A husband recently spent $80 000 to have a 210-foot yacht carpeted, so his new wife could wear her stilettos on board instead of having to go barefoot.

Most wishes can be granted… except if they’ll land you in jail.

“We’ll do anything for our clients as long as it’s legal in the country they’re visiting,” says Ezon, who has fielded only one request for a prostitute in his 18 years of honeymoon planning.

Tickets to the Vanity Fair Oscars after-party are low-hanging fruit. More impressive, Ezon has organised an overnight at Versailles for honeymoone­rs who wanted to sleep in King Louis XIV’s bed. He has arranged a meet-and-greet with Vladimir Putin (no Trumps involved). Within two hours of joining the agent team, I was on the phone with the Vatican, sorting out the logistics of having the pope marry an interfaith couple on their elopement-cumhoneymo­on.

Two consultant­s are on call for every trip. But sometimes trips go awry, like when a couple in Paris got stuck behind a car accident on the way to the airport. Ezon arranged for four motorbikes to pick them up on the highway to make their flight.

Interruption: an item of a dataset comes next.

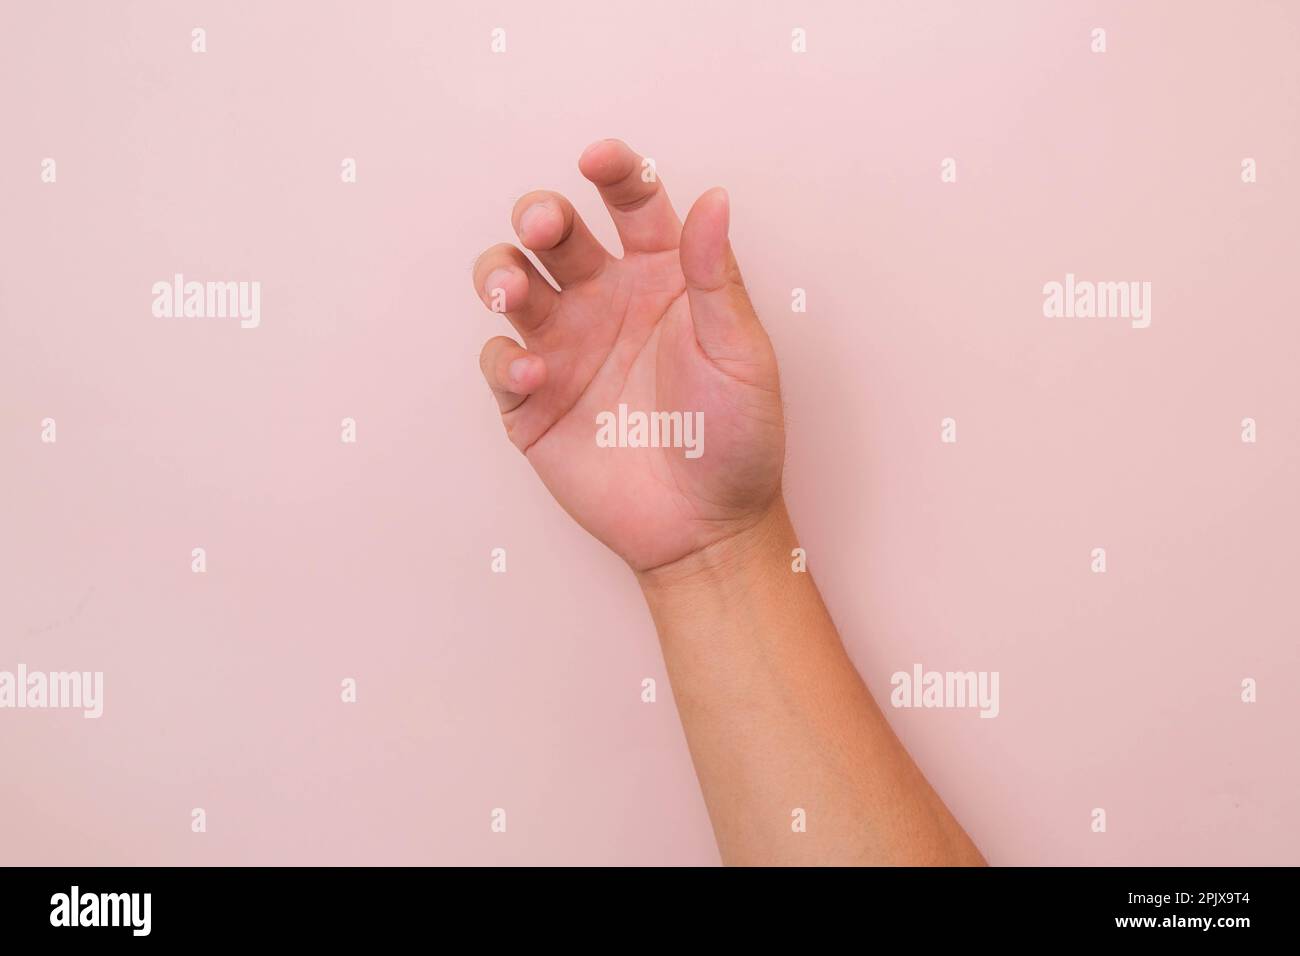 Nahaufnahme der männlichen Hand, die bereit ist, zu helfen oder zu empfangen, isoliert auf pinkfarbenem Hintergrund. Helfende Hand zur Rettung ausgestreckt. Stockfoto

“A journey is like marriage. The certain way to be wrong is to think you control it.” – JOHN STEINBECK

There have, perhaps predictabl­y, been instances of the honeymoone­rs getting woefully out of hand. Ezon explains: “At Ovation we adhere to the same credo as Ritz-Carlton: ‘We are ladies and gentlemen serving ladies and gentlemen,’ and there is a line that clients can’t cross when it comes to gentlemanl­y behaviour.” The wife who hurled dishes at her server when he forgot to bring her Tabasco for her eggs? Yeah, she’s been put on the agency’s very polite blacklist. Racist comments are another hard no-no, as is making a pass at a spa therapist.

To some high-profile travellers, it’s not privacy unless it’s shared with a security detail to keep the paparazzi at bay; others just like having their housekeepe­rs, make-up artists, trainers and personal chefs around.

Honeymoone­rs who can’t live without their dogs have been known to splurge on suites with extra bedrooms, massages, gourmet food and even custom-built hotel furniture. As for the second-most common companion creature? Falcons. They’re allowed on Emirates and Etihad without a handler, as long as you book them a first-class suite.

Among the most expensive trips the team has recently planned? A month-long private yacht adventure through Africa and the Maldives for a high-profile wife and her billionair­e husband totalling more than

$1.8 million.

Ezon’s hard work doesn’t go unnoticed: tips have ranged from Bottega Veneta swag and Hermès cuffs to cases of Tuscan wine and checks for more than $100 000.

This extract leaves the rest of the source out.